Shell Is Immediately Closing All Of Its California Hydrogen Stations | The oil giant is one of the big players in hydrogen globally, but even it can't make its operations work here.
The oil giant is one of the big players in hydrogen globally, but even it can't make its operations work here. All seven of its California stations will close immediately.
Shell Is Immediately Closing All Of Its California Hydrogen Stations | The oil giant is one of the big players in hydrogen globally, but even it can't make its operations work here.::The oil giant is one of the big players in hydrogen globally, but even it can't make its operations work here. All seven of its California stations will close immediately.
You can use electricity on the grid to charge a car. Not sure if you were aware of that. It's going to be a whole lot more efficient at it than hydrogen.

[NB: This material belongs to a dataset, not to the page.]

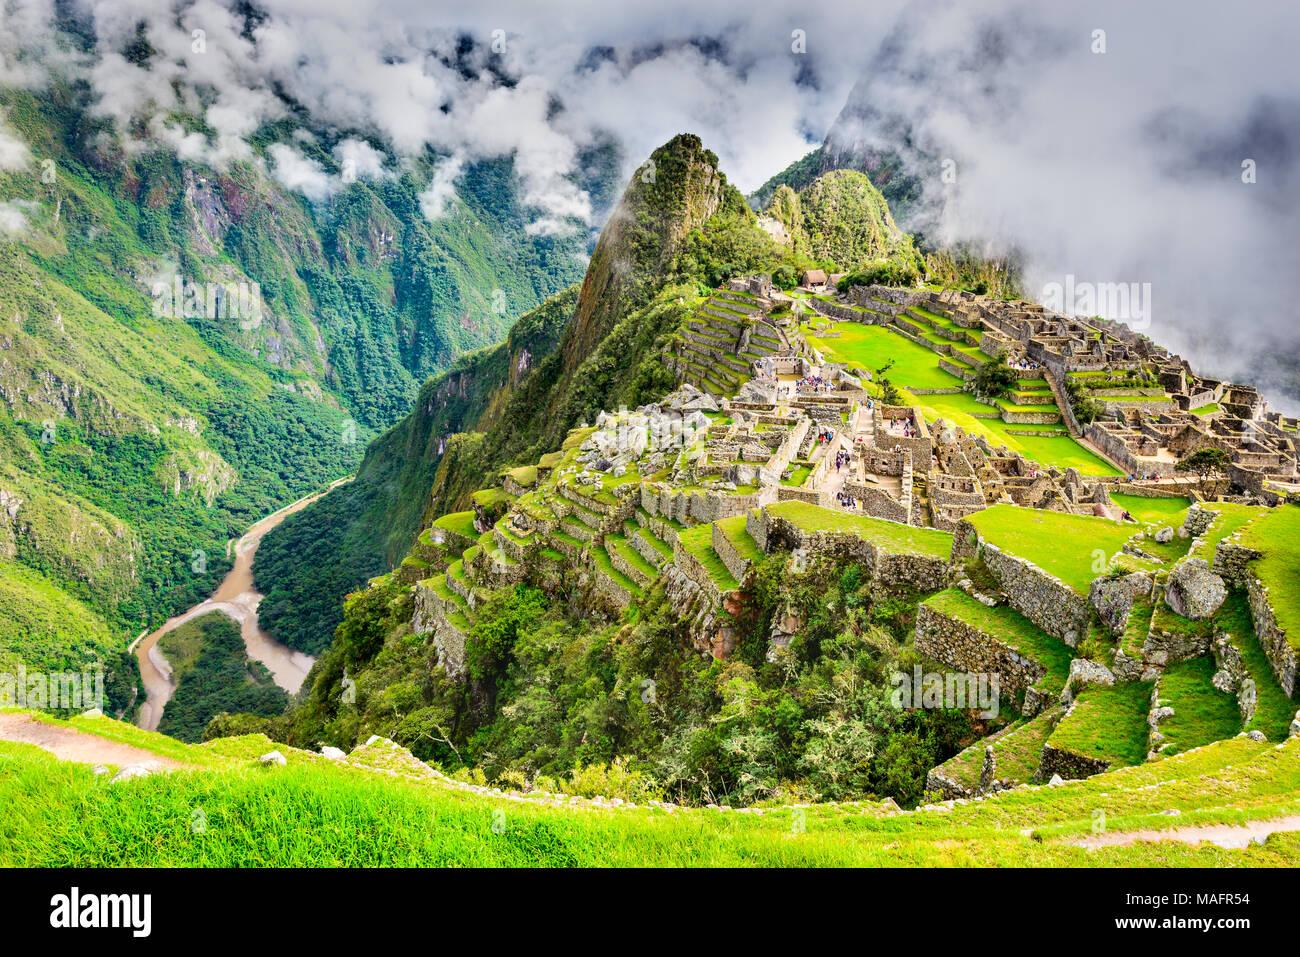 Il Machu Picchu in Perù - Rovine di Inca Empire City e Huaynapicchu montagna nella Valle Sacra, Cusco, Sud America. Immagini Stock

No shit. You know you need a substation to power a supercharger grid...you know how many substations just randomly exist in rural areas to power superchargers? And how expensive they are to build and maintain?
Dude, you don't even have a good grasp of how much hydrogen you could make from the atmosphere. Nobody is advocating for doing it that way because it's too much effort for so little gain. I'm not going to take your word on much else.
Yep, totally no one is doing it.... it's not being researched or anything, cause it's not worth it. Yep, miles and miles of over head wires and substations all over the place it the way to go. No other alternative.
There are very few details on how much they've actually generated on any of these. The MIT one doesn't specify how it's getting the original water at all.
The IEEE one does actually list it out:
Researchers have built a kilowatt-scale pilot plant that can produce both green hydrogen and heat using solar energy. The solar-to-hydrogen plant is the largest constructed to date, and produces about half a kilogram of hydrogen in 8 hours, which amounts to a little over 2 kilowatts of equivalent output power.
Yeah, that's about what I'd expect. You are not going to power cars with this.
The one in the Guardian article seems to be targeting it a as a replacement for natural gas in home heating and cooking, which is a maybe.